А Мишка про себя смеется над батей ласково: погоди, старый, не то еще тебе Миша, сынок любезный, покажет сейчас. Понес понягу в сени да мешок кожаный под пушнину из кладовки достал, в избу вернулся. Сидит отец над пушниной, по годам своим тоскует, белку перебирает, присматривается, чисто ли бита белочка, какая ей цена будет, – смотрит и улыбается, хороший охотник Мишка, белка вся чистая, с белой мездрой, спелая, полная, высоко пойдет, много товару за нее в Центросоюзе получить можно будет. И выдры хорошие, и колоночки один к одному. Стоит Мишка, ждет, только отец к матери поворотился, сыном похвастаться, а Мишка из-под рубахи, под самые батины руки старые, поверх белочек – ах! – соболя!

Обернулся батя и обомлел – вот он, соболь! Мишкино счастье! Точно про такого крестный рассказывал, из-за такого замерзал он за хребтом. Три дня гнал с собаками по россыпям да по стланику, все с себя скинул: и пинжак суконный, и рубаху, и понягу кинул, с одним ружьем да топором за собаками пер да ночь сторожил, чуть не замерз, а все вытерпел до утра и выкурил соболька… Черный был соболь, царской красоты, грудка как топленое молоко, купцы к крестному приезжали, покупали, покупали, пока сам крестный в город не поехал… Да вернулся небогатым. Все, что получил он за своего царского зверя, в городе осталось, слава богу, сам живой вернулся. Опоили купцы крестного, чуть в больнице не умер. Не уберег крестный своего счастья и больше таких соболей не видел. А вот Мишке – на! Сам в руки пришел. Ведь у Мишки собака – соболиного полета… Пойдет завтра к крестному, соболя покажет и вина выпьет со стариком, да старухе еще полушалок купит в Центросоюзе, да мать еще стряпнины праздничной для стариков пошлет мешок рогожный, потому что стоит крестный во главе всего ихнего счастья рукосуевского…

Ой, и наелся Мишка брусники, зубы ломит, и рот весь липкий, и руки в красном соку, прям как в крови, бежать надо, а то и заснуть на солнцепеке однова дыхнуть…

На гребешок вылез посмотреть пошире вокруг себя, спускаться начал и вдруг слышит – ломит кто-то через тайгу, хруст и тревога, неподвижность солнечная с блестками паутины, ожидание в тайге, кого там несет на охотничью удачу?

Вот он!
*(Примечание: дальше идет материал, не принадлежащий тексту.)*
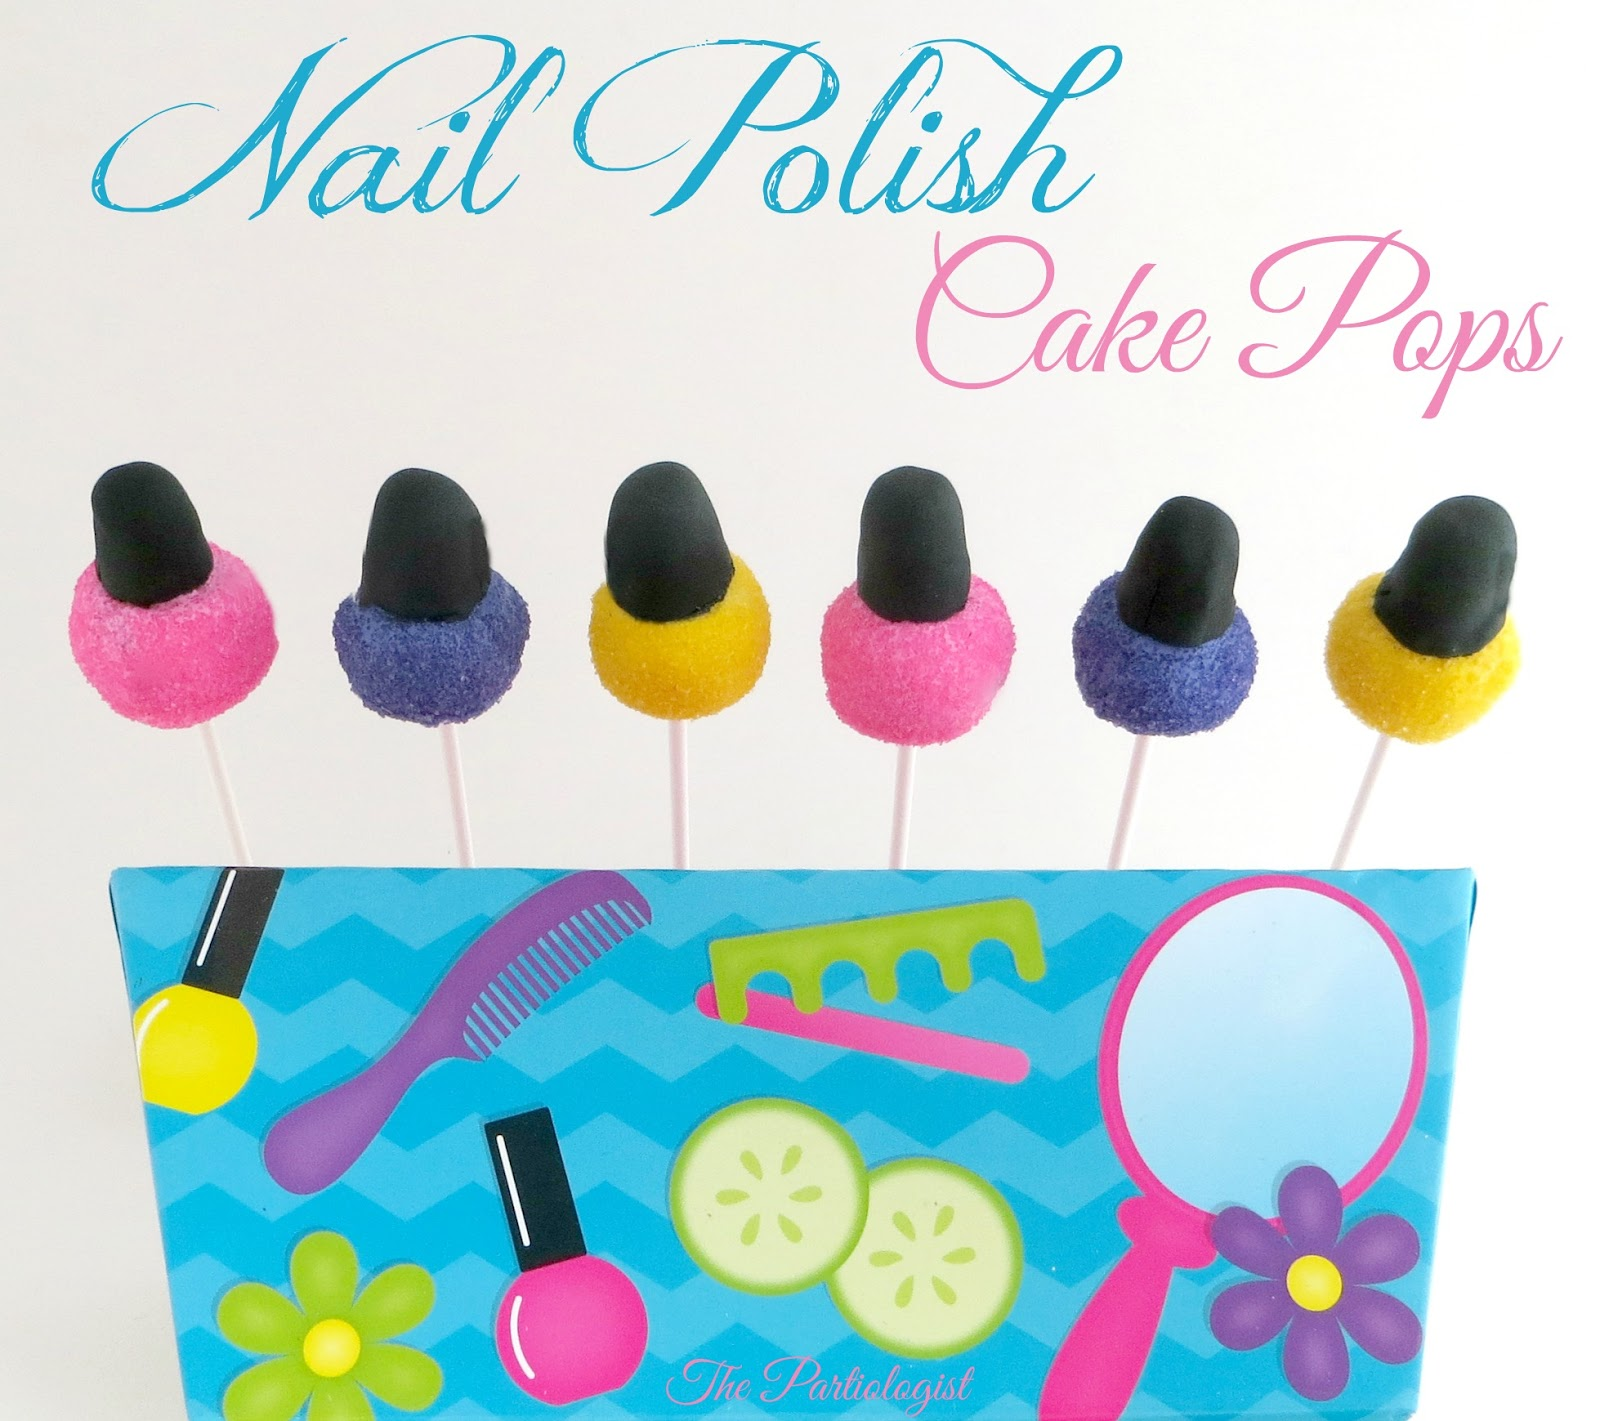 Cake Nail Polish Designs: The Partiologist: Nail Polish Cake Pops

Видно! Снизу вверх забирает, наискось в сопку, выкидывая впереди себя ноги палками, огромную голову вытянул вперед… Сохатый! Эх, далеко!

Замер Мишка. Вот-вот заплачет, закричит от обиды: мимо идет сохатый, агромадный зверь, видно, не Мишке бог послал!

И откуда взялась, миленькая, голос подала, мелькает, метет по кустам, через валежины… Шельма!

Шевельнулись беззвучно Мишкины губы: «Отче наш, иже еси на небеси, да приидет царствие твое…»

Сбоку вылетела на сохача Шельма, заюлила по кустам, визжит, около ног вьется. Сомустила зверя. Встал зверь, завернул задом в кусты, головой качнул, вскинулся, а потом, кидая ногами, сламывая ветки лопатами рогов, опять пошел, а Шельма жмет его на Мишку, прямо под ногами увертывается, миленькая собачка, и все визжит, все голос дает хозяину…

Бах-тарарах! Передернул затвор. Бах-тарарах!

И разошлось облачко дыма, блазнило будто, вместе с дымом исчез сохатый, и только висит в ушах, висит меж кедровых макушек истошный, бессильно злобный вой Шельмы.

Бежит Мишка, ничего не видит вокруг, сучья царапают, лапы еловые хлещут, шапка слетела… скорее… скорее… Только что стоял здесь сохатый, и недалеко до этой кедрушки было, а крови даже капельки нету… Чуть не плачет Мишка, шарит по траве, следы смотрит, траву перебирает, вдруг мокро на руках… Нет, не кровь, брусника, давленная копытом!

Сел Мишка на сушину, снял понягу, ружье поставил рядом…

Шельма низом из-под кустов вывернулась, нетерпеливо ткнулась к хозяину, язык болтается, с белых клыков слюна капает, поняла хозяйское горе и отошла, легла в темноту под куст и смотрит оттуда, как Мишка из-под ног гребет, соком брусничным мажется, то ли ягодой давится, то ли слезами.

– Далеко был, – оправдывается Мишка.

Не верит Шельма, пасть прикрыла и отвернулась…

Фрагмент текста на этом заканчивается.